Newer versions of standards allow devices to use 38400bps, which seems mostly used for AIS, and (other) setups that may need to combine messages from multiple NMEA devices within somewhat more reasonable time.
It is recommended to make longer-distance wiring wiring conform to RS/EIA-422 (differential signalling) as this is less susceptible to noise than RS/EIA-232 (though RS232 is easier to connect to computer serial ports and perfectly fine for ~1m cables).
Sentence format
Example:
$GPGSV,3,1,11,15,67,284,14,26,66,130,12,28,50,066,,27,49,265,21*75
The parts:
- start with a $
- five characters:
- the first two of which identify the talker type - which includes
- their other three are the sentence type. Within the GP prefix there exist about two dozen sentence types, with most basics covered by a few types
- a bunch of comma-separated fields
- the amount and meaning depends on sentence type (GSV is data about the satellites in view, some more notes below)
- later standard versions sometimes add fields to some sentences -- at the end
- is terminated by a * and a simple two-character checksum
- ...to be able to reject messages corrupted by noise
- the checksum value is a XOR of all the bytes between the $ and *, and this byte is shown as hex
Notes:
- Some devices may be/have more than one talker type, for example a GPS unit with a magnetic compass
- The unit chooses which sentence types to send (GGA, GSA, GSV, and RMC seem the most common). You may be able to configure a different set.
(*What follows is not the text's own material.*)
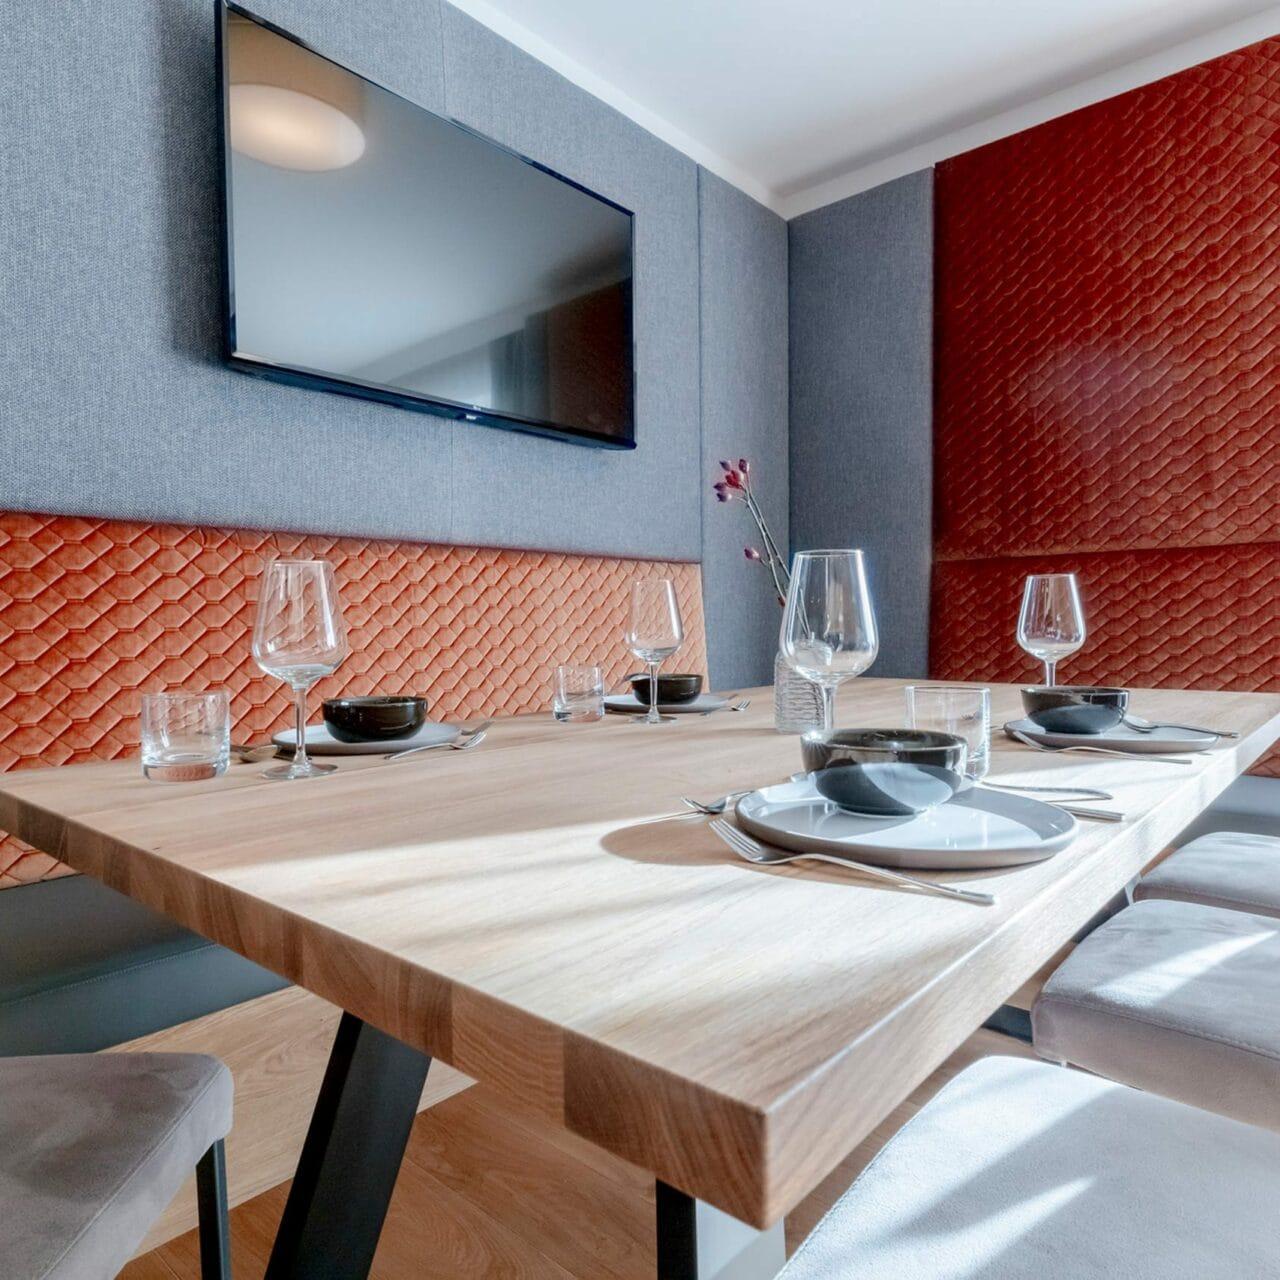 02-hofgut-apartment-lifestyle-resort-wagrain-salzburg-apartments-02
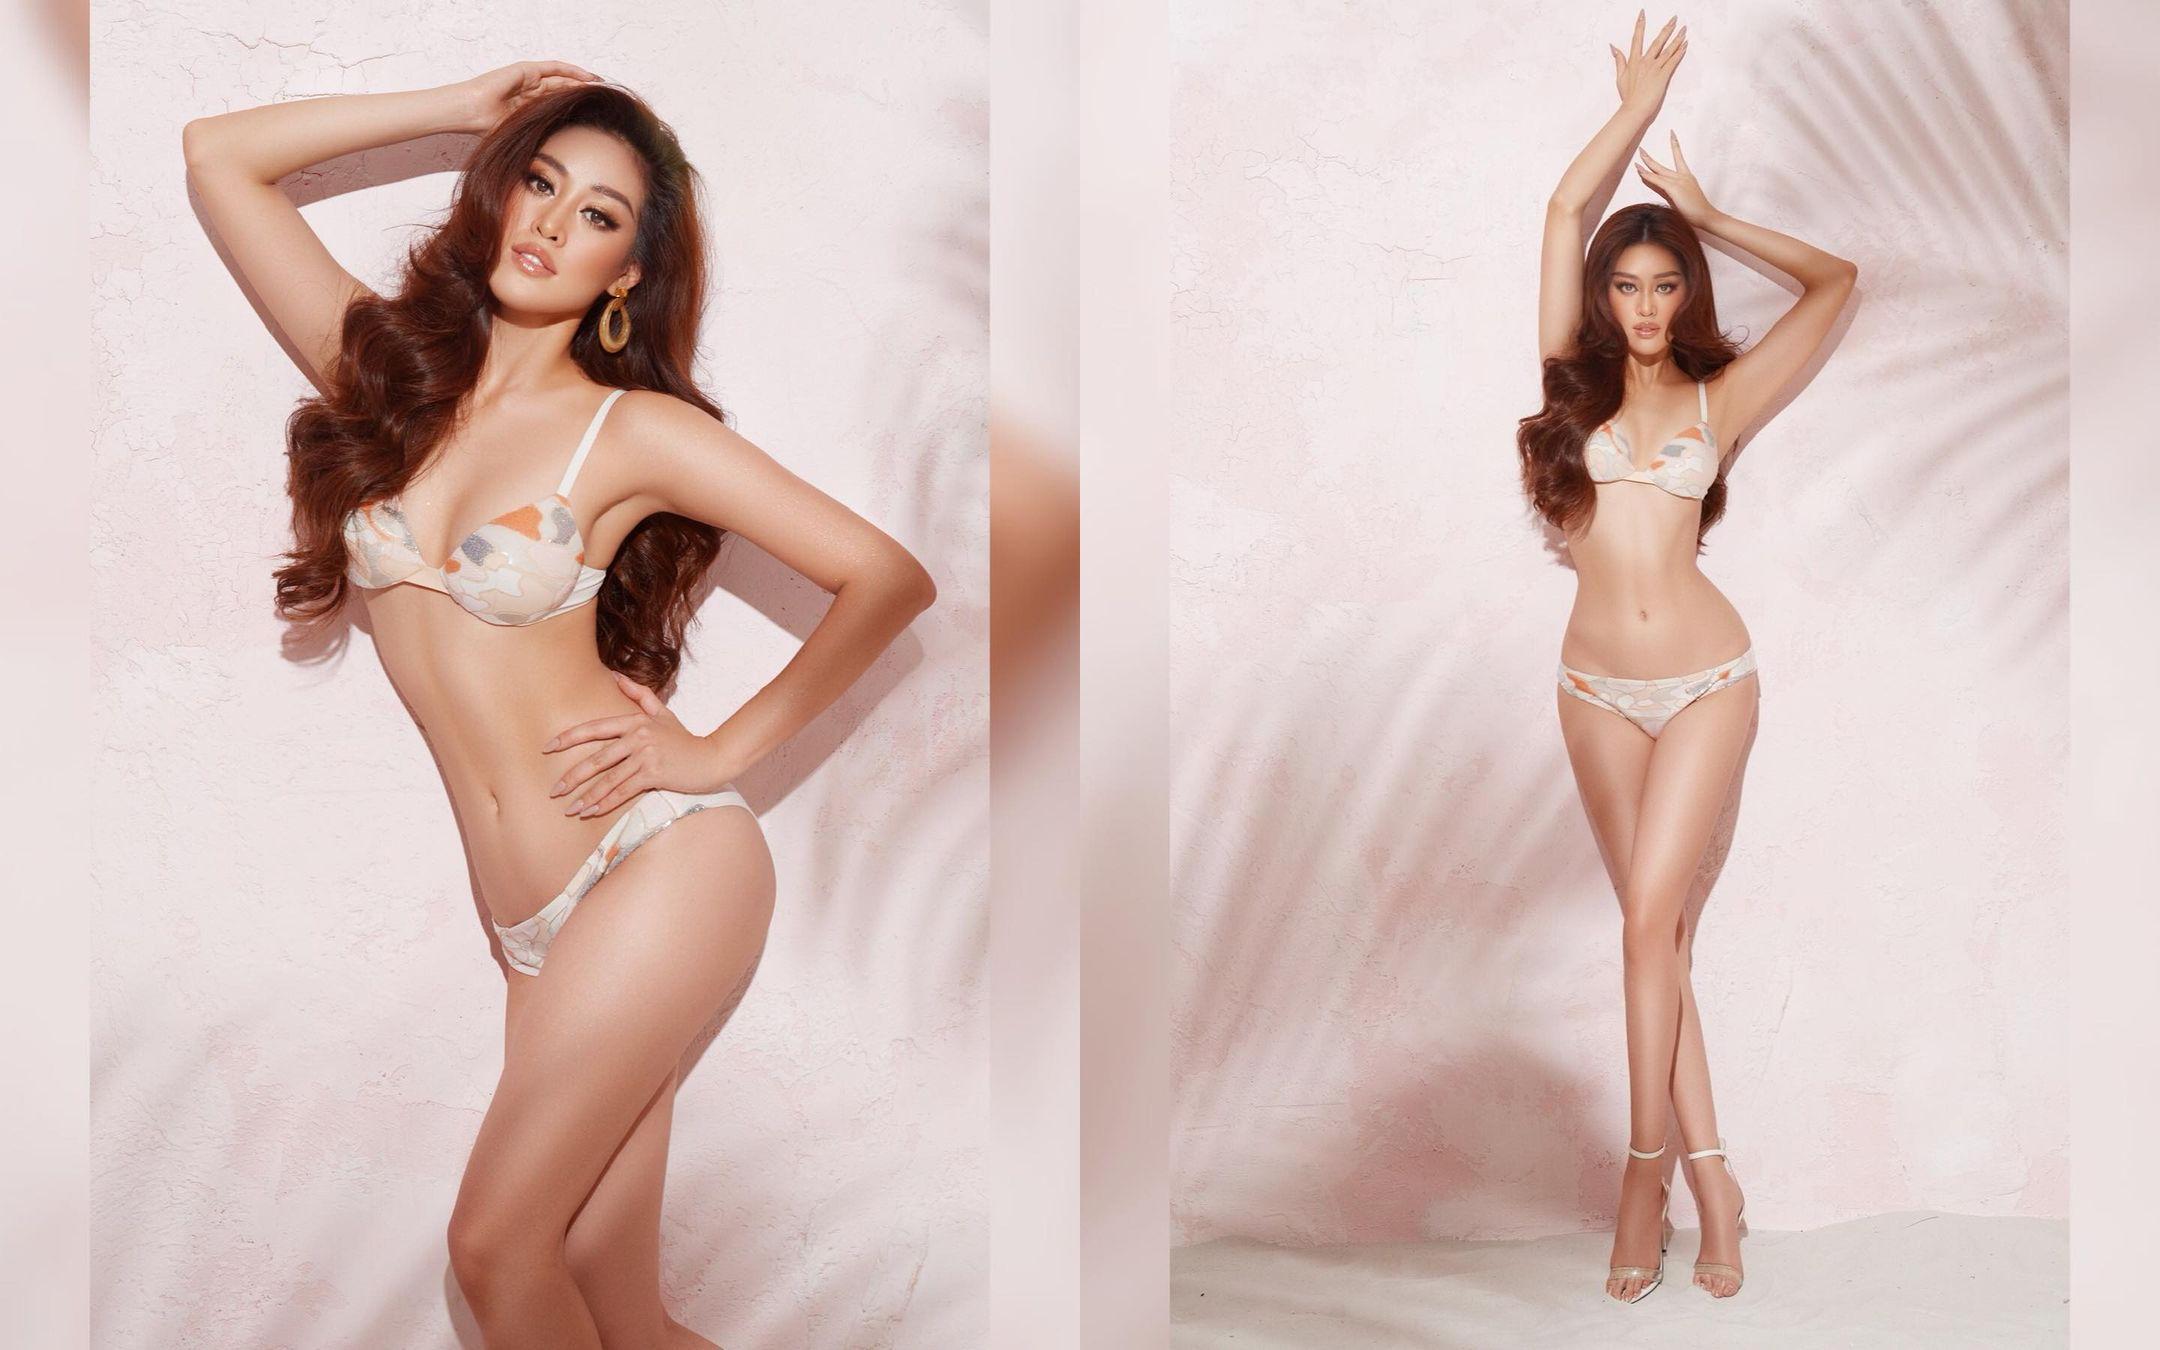 miss vietnam de bikini. 206457639_181928317_222083423051047_14590525366042416_n-jpg-tp-1-_nc_ht-scontent-gig2-1-cd

- Most GPS devices have some of their own sentence types in addition to the standard ones, apparently including
- GLL (apparently LORAN-style)
- VTG (apparently also LORAN)
- ZDA (SiRF-specific?(verify)).
- There is no imposed order, though any given unit may always use the same order.
- 4800 baud means ~480 characters per second, which means only a handful of sentences per second.
- This is fine for localization, but is something to keep in mind (and makes one wonder about all the redundancy between even the default sentences).
- some devices can speak much faster serial, but for backwards compatibility have to be switched to it.
- Messages often come in once-per-second bursts
- faster reporting exists, but isn't really necessary for most things
See also:
Example GPS sentences
The following are a few lines from a GPS unit that was just powered on (doesn't have a fix yet, before all fields are filled) in Delft, the Netherlands.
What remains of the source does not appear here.